- Task data:
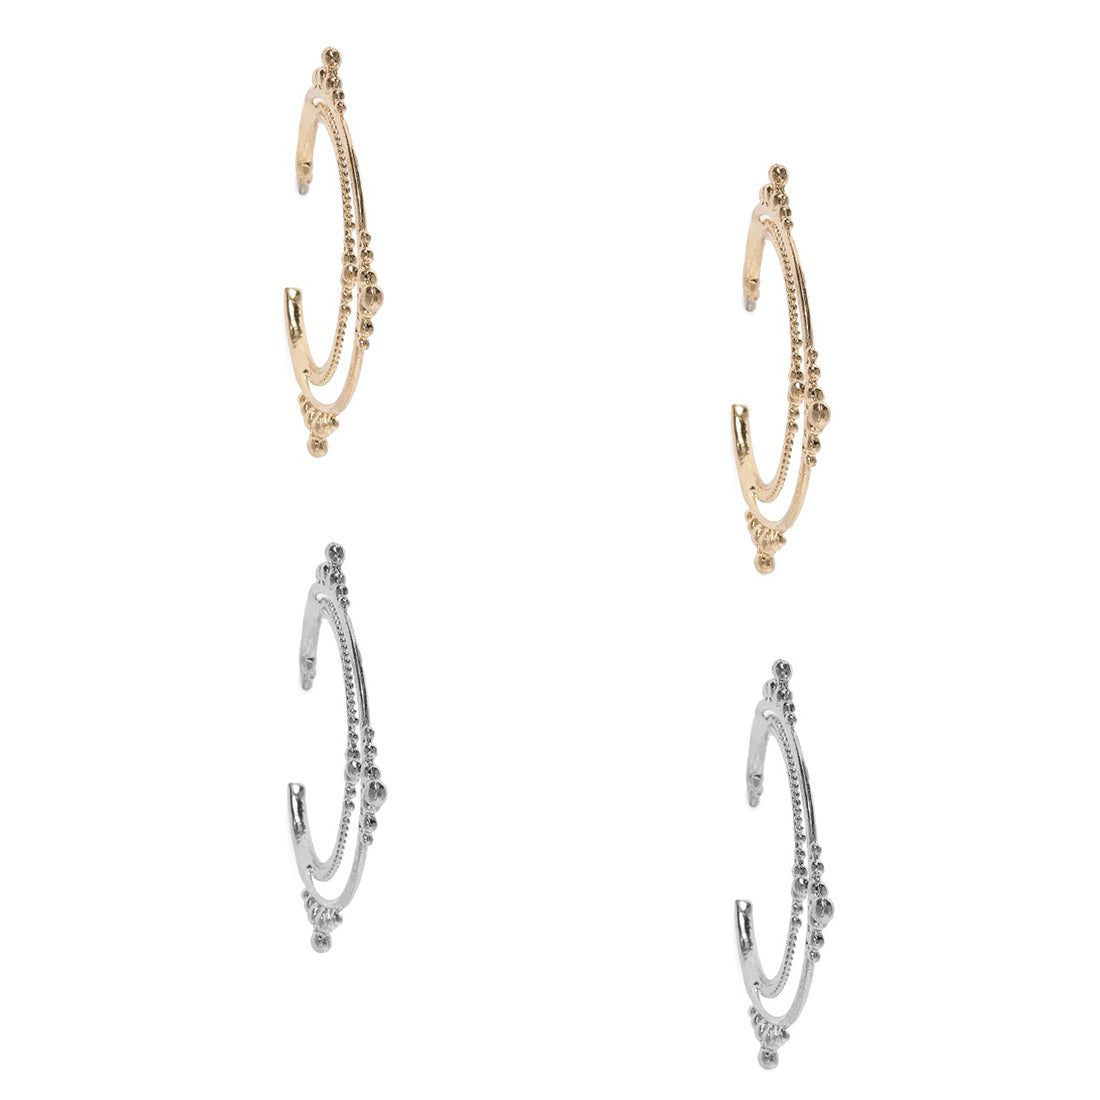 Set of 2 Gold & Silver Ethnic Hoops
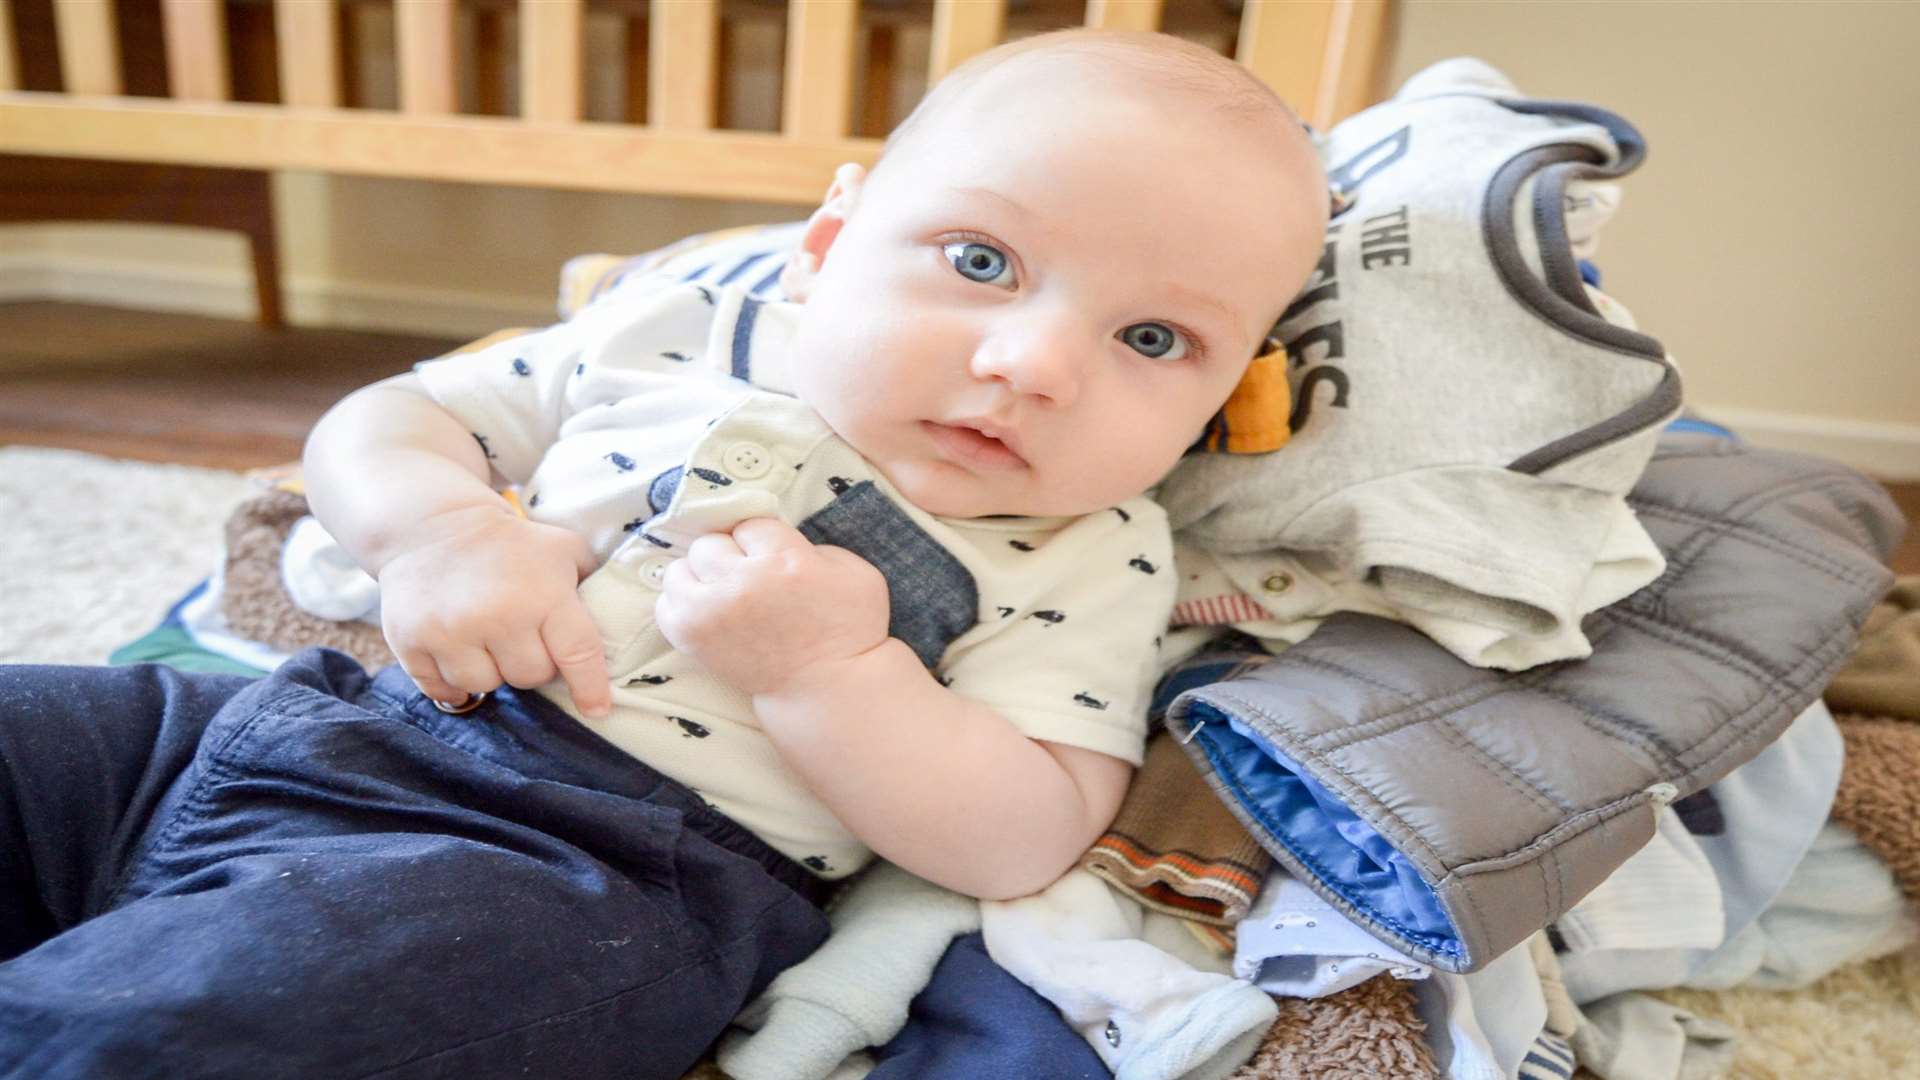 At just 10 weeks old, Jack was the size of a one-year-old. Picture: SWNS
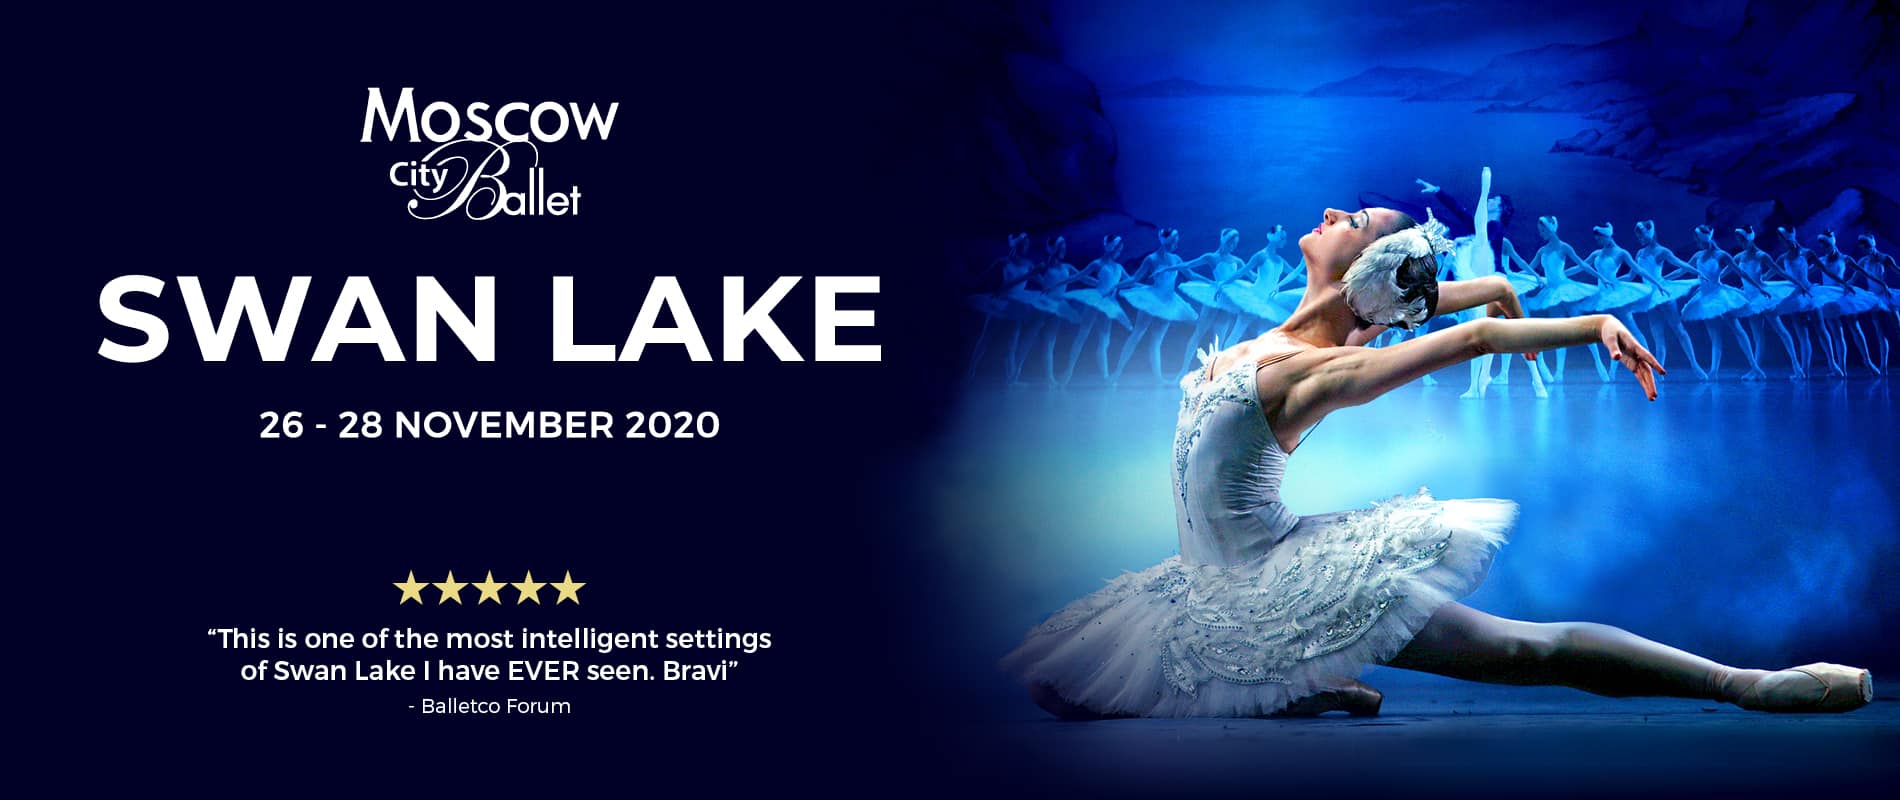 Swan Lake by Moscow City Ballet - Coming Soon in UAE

---

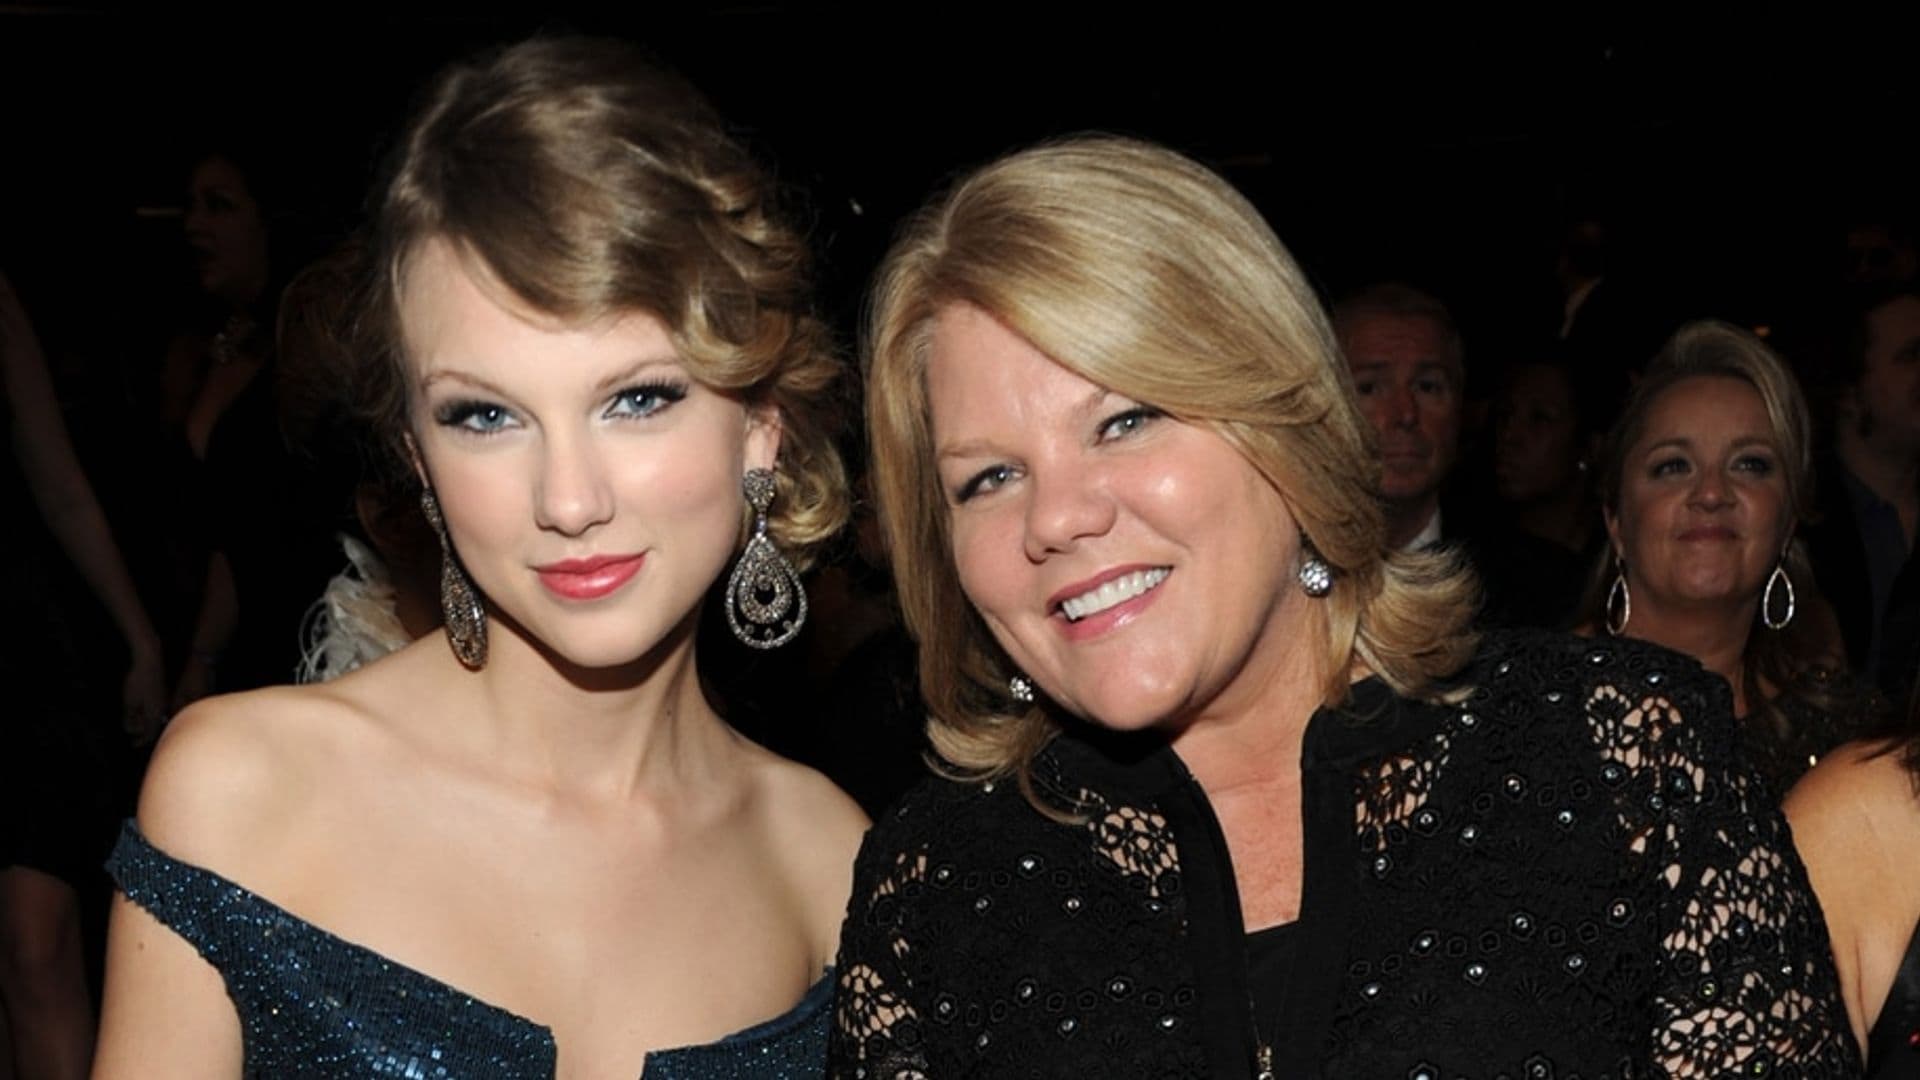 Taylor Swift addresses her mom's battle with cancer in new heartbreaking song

- Instructions to follow: Looking above, find the stretch of lines that opens with the one holding "Set of 2 Gold & Silver Ethnic Hoops" and closes with the one holding "Swan Lake by". Copy it exactly, pictures excluded.

- Exercise solution:
 Set of 2 Gold & Silver Ethnic Hoops
 At just 10 weeks old, Jack was the size of a one-year-old. Picture: SWNS
 Swan Lake by Moscow City Ballet - Coming Soon in UAE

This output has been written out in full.